§ **Dataset excerpt**
● ● ● ● ● ● ●

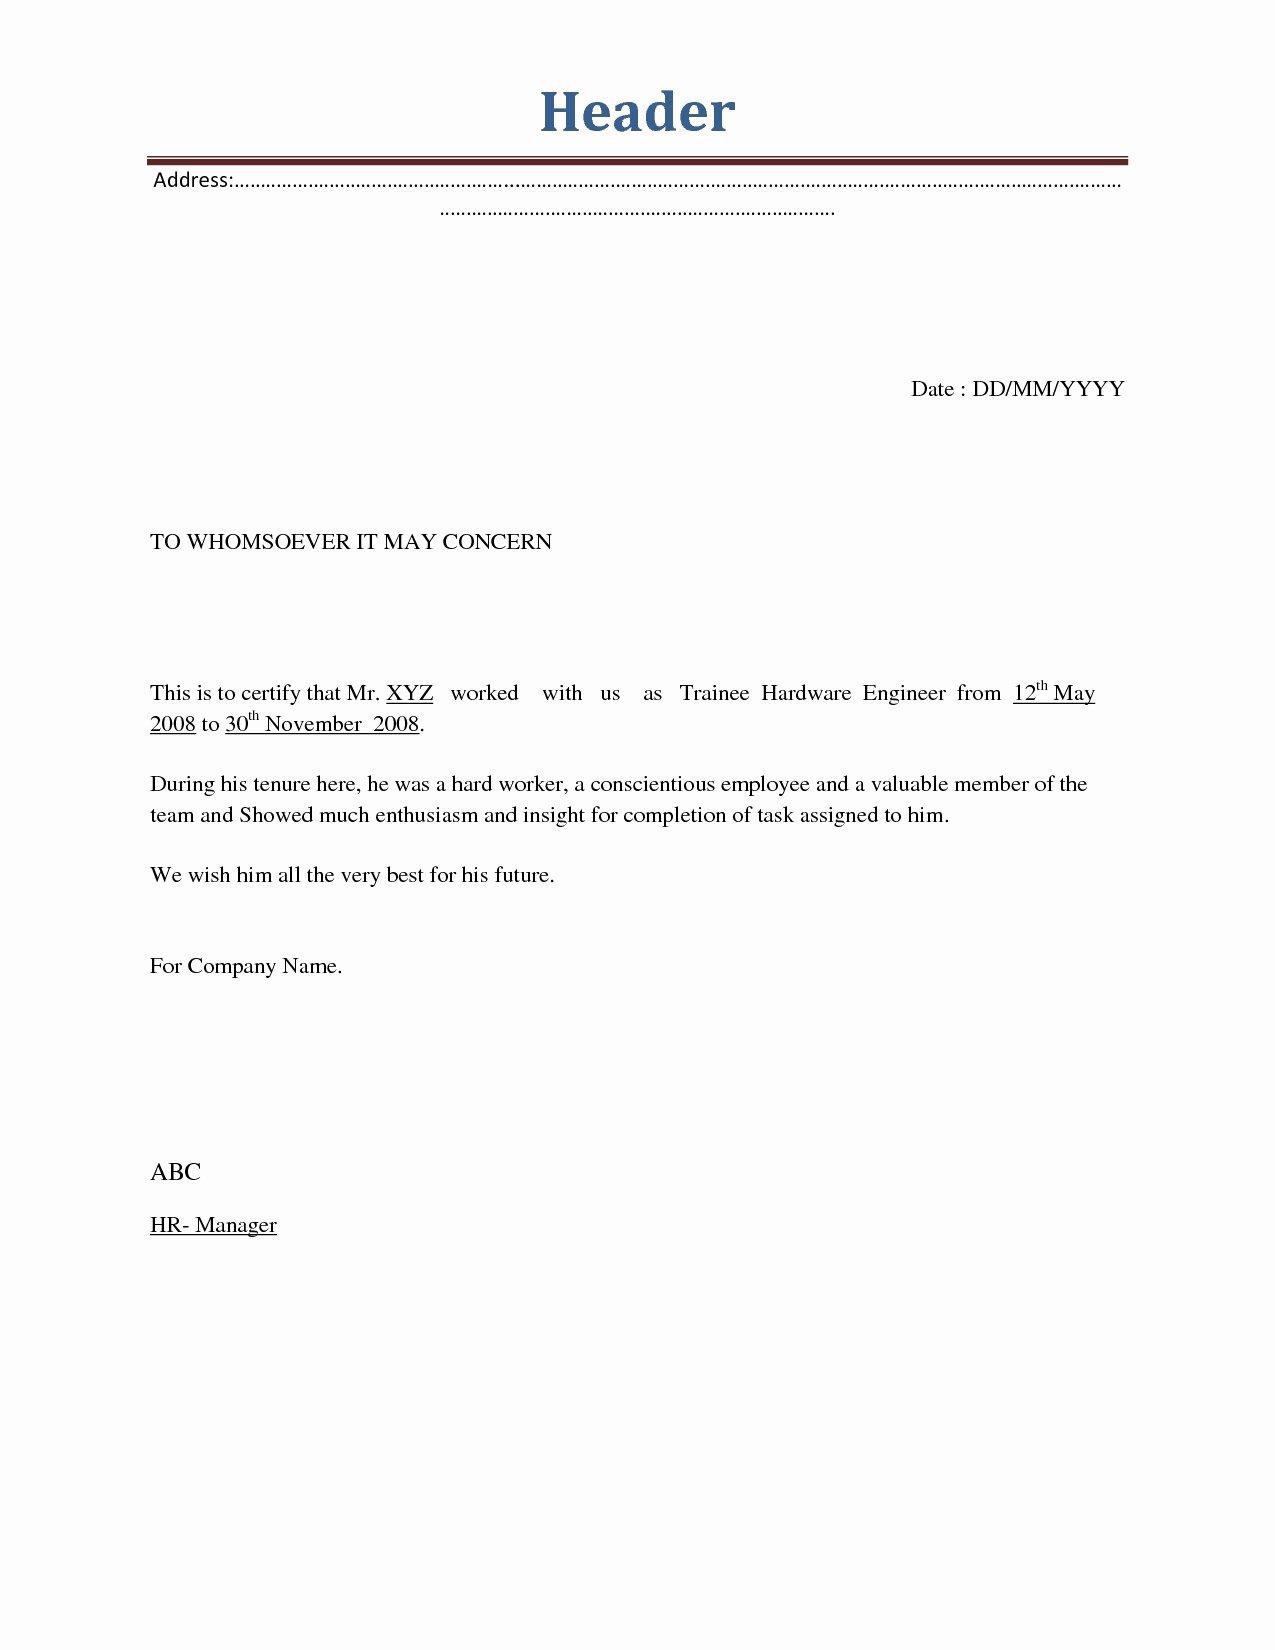 Sample Termination Of Employment Letter Lovely Sample Severance Letter to Employee
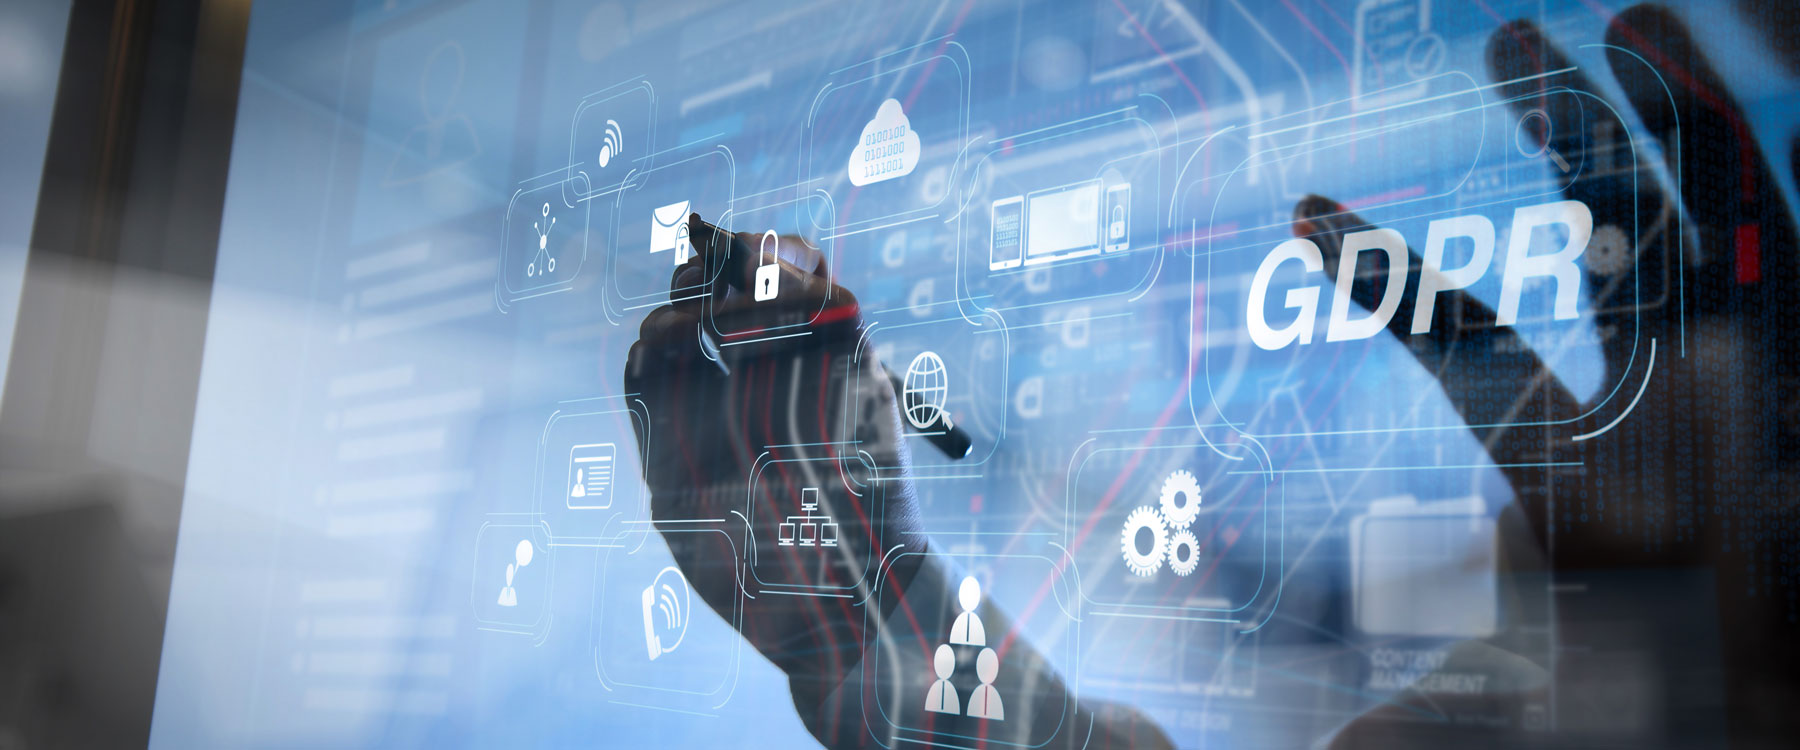 Athena Data Centres acquire GDPR Direct
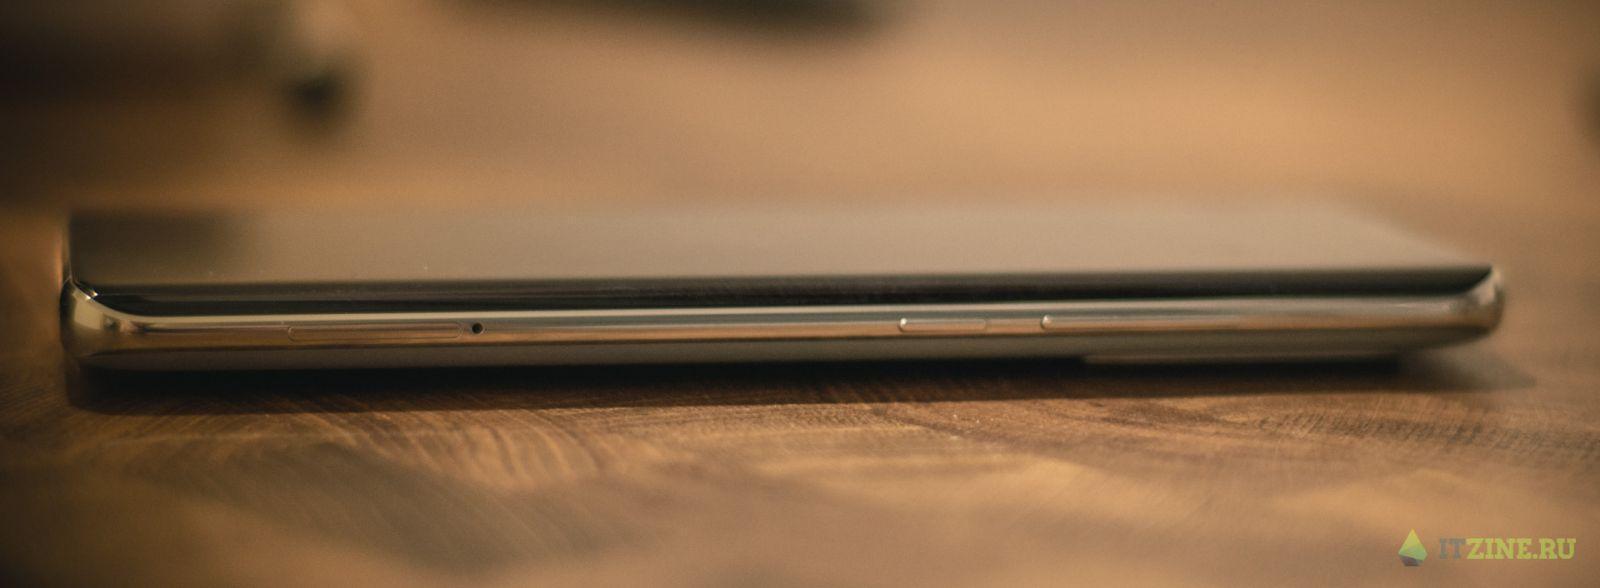 Обзор Xiaomi Mi Note 10 Pro. Добротный флагман (dsc 8076)

● ● ● ● ● ● ●

§ **Requirement**
Transcribe each line of the material above verbatim, but do not include the images.

§ **Solution to this task**
 Sample Termination Of Employment Letter Lovely Sample Severance Letter to Employee
 Athena Data Centres acquire GDPR Direct
 Обзор Xiaomi Mi Note 10 Pro. Добротный флагман (dsc 8076)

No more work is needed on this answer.